Phoebe turned and smiled. “I love grooming the ponies. I love everything about ranch life.”
“Me too,” Logan called out, “but I sure would love to live in a restaurant. Waking up to the smell of biscuits. Having a smothered po’boy anytime I want.”
He did mean that; he’d be very happy to have a Hurley’s biscuit slathered in apple butter just a staircase away every morning and coffee break, but he’d said it for Clementine’s sake. He felt her looking at him, and her expression made it clear he’d surprised her. Because he’d been kind? She had to know how much he cared about her. Didn’t she?
Maybe it was better if she didn’t.
“It’s awesome,” Phoebe said. “Georgia, that’s Clementine’s sister, taught me how to make biscuits yesterday. She even gave me enough to bring in for my class today. Now almost everyone likes me.”
Logan paused in buffing the saddle. “I’m sure everyone liked you before that too. I mean, you’re very likeable.” He smiled at her, but the expression on Phoebe’s face suddenly had his own faltering.
“Emily Catwaller called me ‘foster kid’ today,” Phoebe said, her eyes on her sneakers. “‘Don’t let the foster kid touch you or you’ll turn into one,’ she said at recess today. Some kids stuck up for me, but some backed away. Whatever. I totally get it. Who’d want to be a foster kid?” She was still staring at her feet and clearly trying not to cry.
Logan shook his head. Why were there always mean kids? Why the hell couldn’t everyone just be ki
nd to one another?
Clementine gave Logan an uneasy glance, then stood up and walked over to the fence. “There are all kinds of families in this world,” she said, her expression tight. “I dealt with those kinds of taunts too when I was in foster care. It hurts.”

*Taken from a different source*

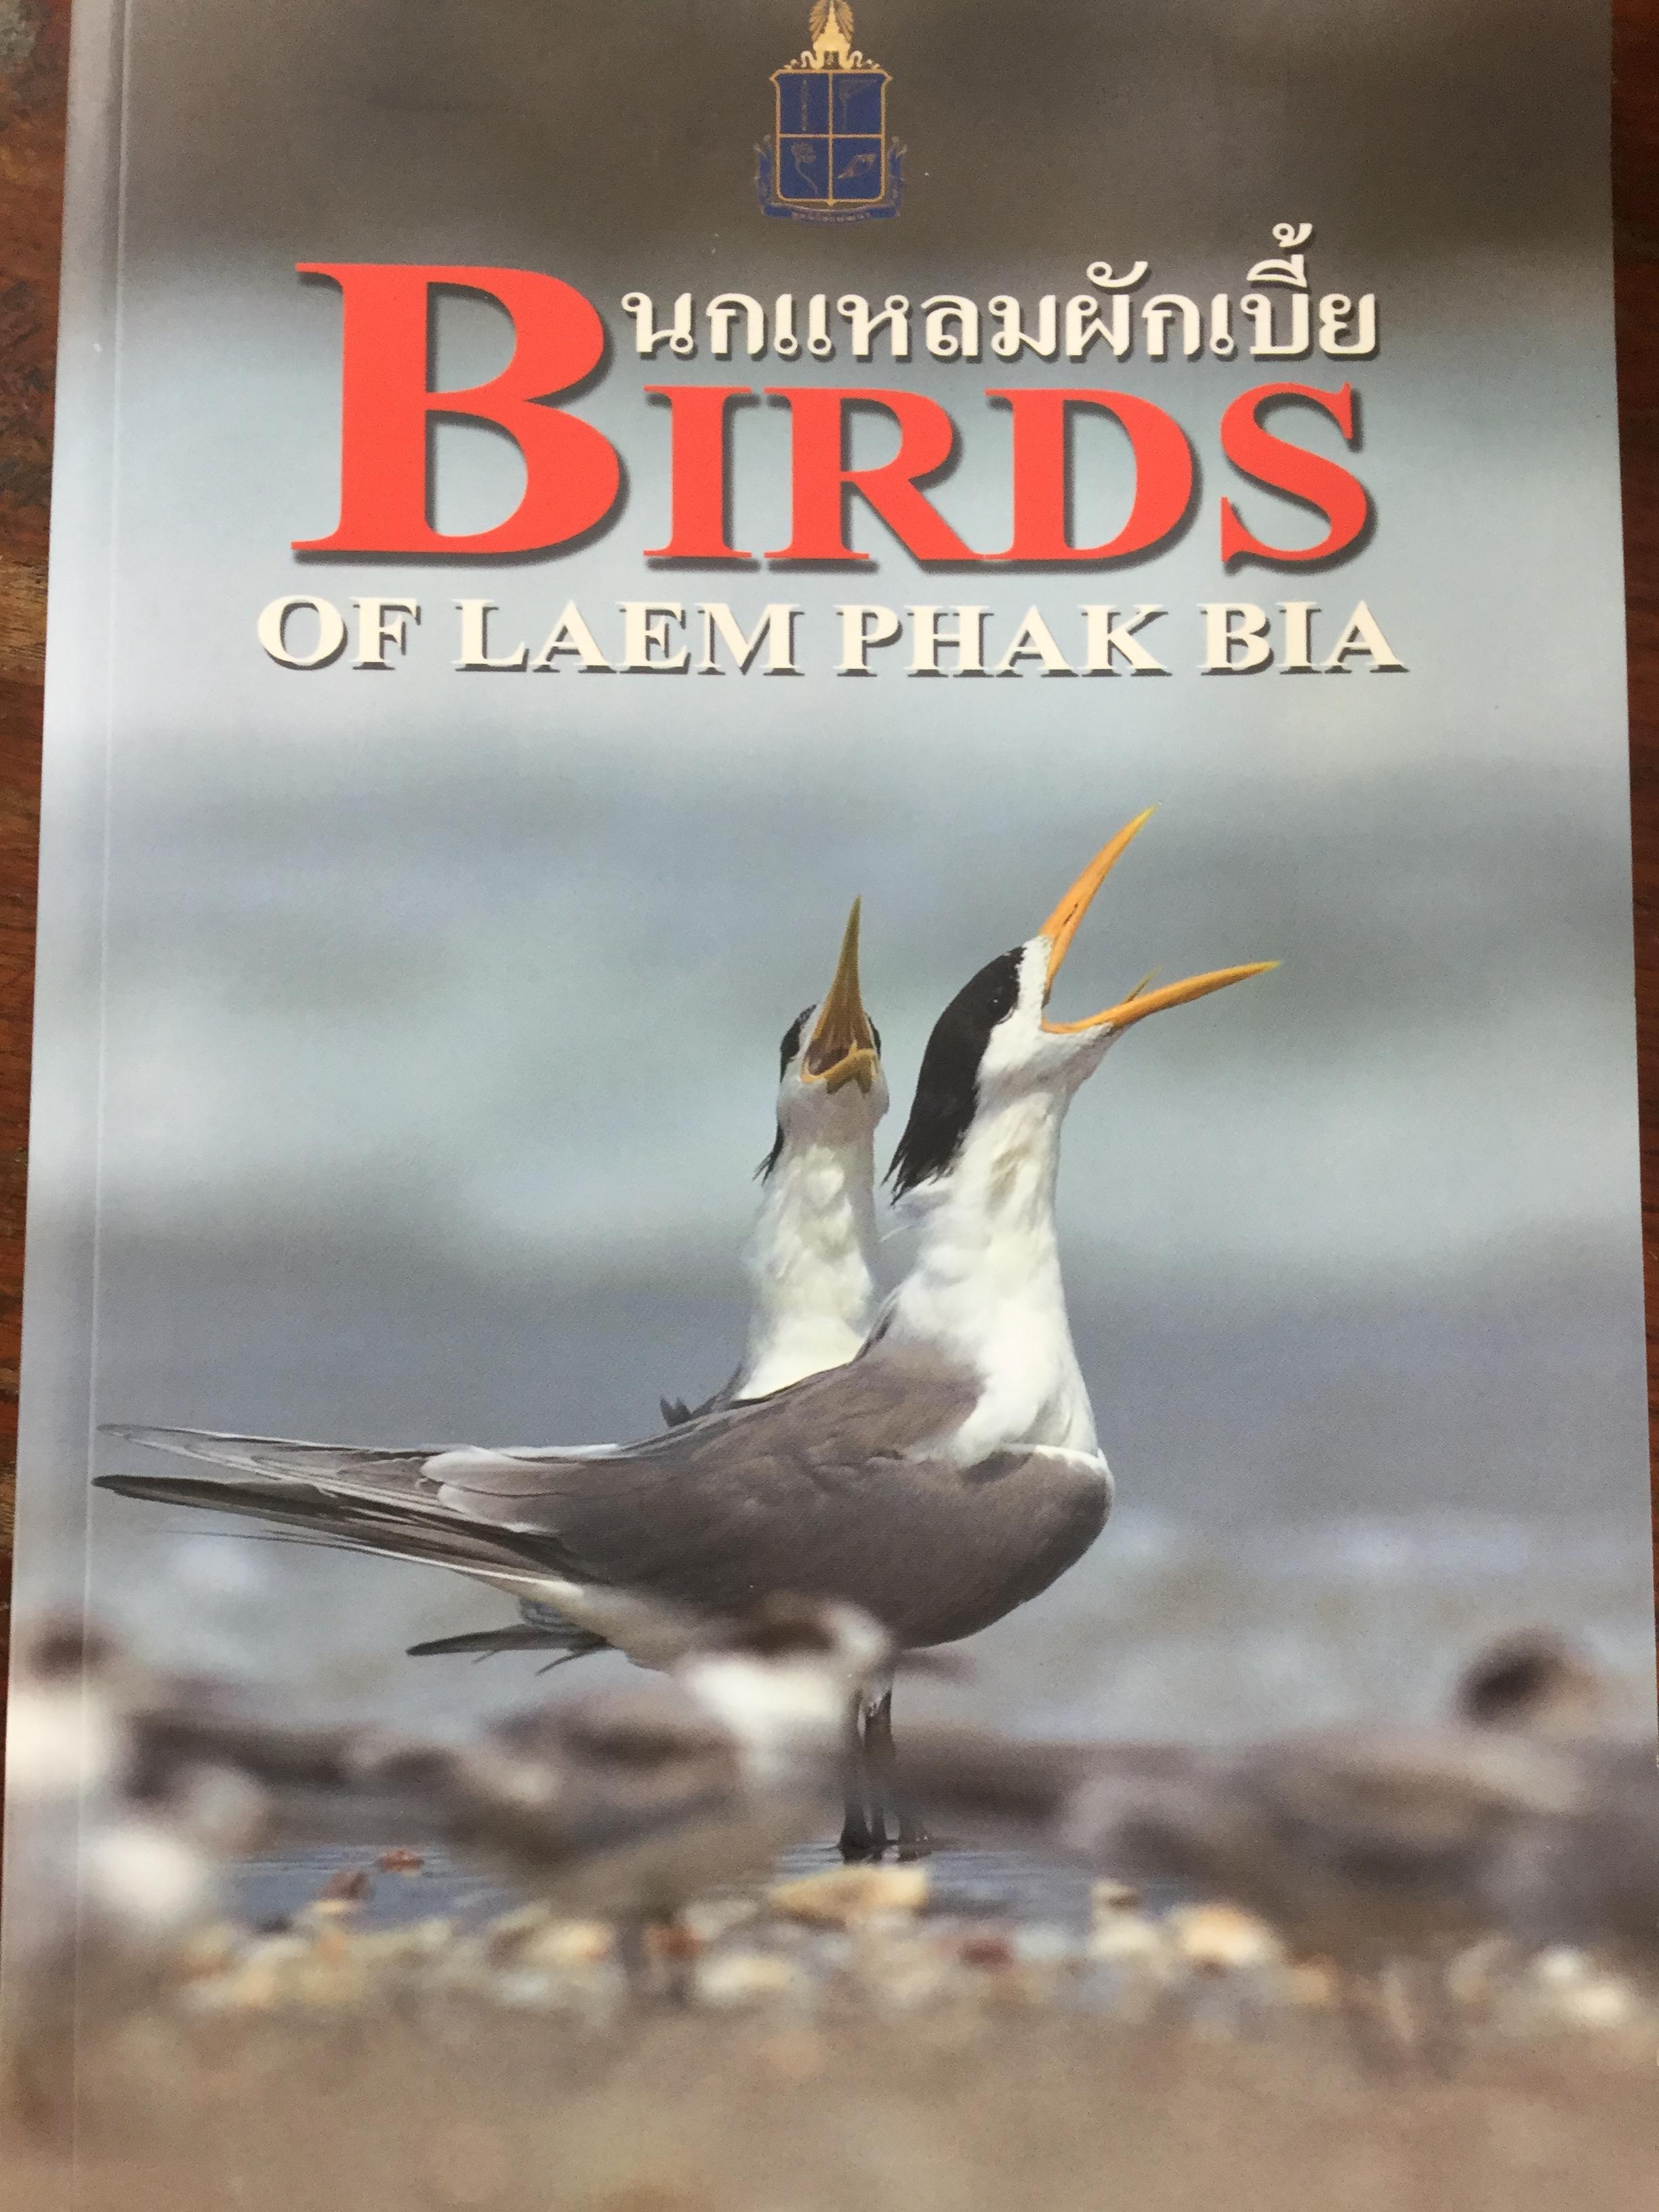 นกแหลมผักเบี้ย. Birds of LAEM PHAK BIA. ผู้เขียน Philip D.Round และ วิเชียร คงทอง

“Did you kick someone?” Phoebe asked. “I wanted to kick Emily.”
“I wanted to also,” Clementine said. “I didn’t, though, ’cause I’d get in trouble for that. And because striking back that way isn’t the answer—it’ll never make you feel better, even if it seems like some kind of justice at the time.”
“So what is the answer?” Phoebe asked, staring at Clementine.
Logan wasn’t sure if he should go inside to give them some privacy, but heck, he too wanted to know the answer. He pretended to be working hard on buffing the saddle, but his ears were glued to the conversation at the fence.
Clementine glanced at the pony, then back at Phoebe. “Well, when some kids were taunting me about being a foster kid, I thought to myself, well, I am. I am a foster kid. That’s just the way it is. And I could either get all upset or I could just accept the truth and figure out a way to make myself happy. I used to make lists titled Clementine Is and then wrote down all the things I thought I was. Foster kid was on the list but so was smart and determined and a fast runner and a good listener and a big reader and a nice person. It might sound weird to make a list about yourself, but it helped me really think about who I actually was. Foster kid was pretty far down the list. It was just one thing about me. Not everything.”
Logan had long paused with the buffing cloth. He stared at Clementine, vaguely noting the way the sunshine lit her dark hair and the side of her face. All she said seemed to flow right inside him, in his veins, in his bones.
Foster kid was pretty far down the list. It was just one thing about me. Not everything.
If he could make this cruddy truth about Parsons just one thing instead of everything, he’d be a hell of lot happier. But he couldn’t seem to.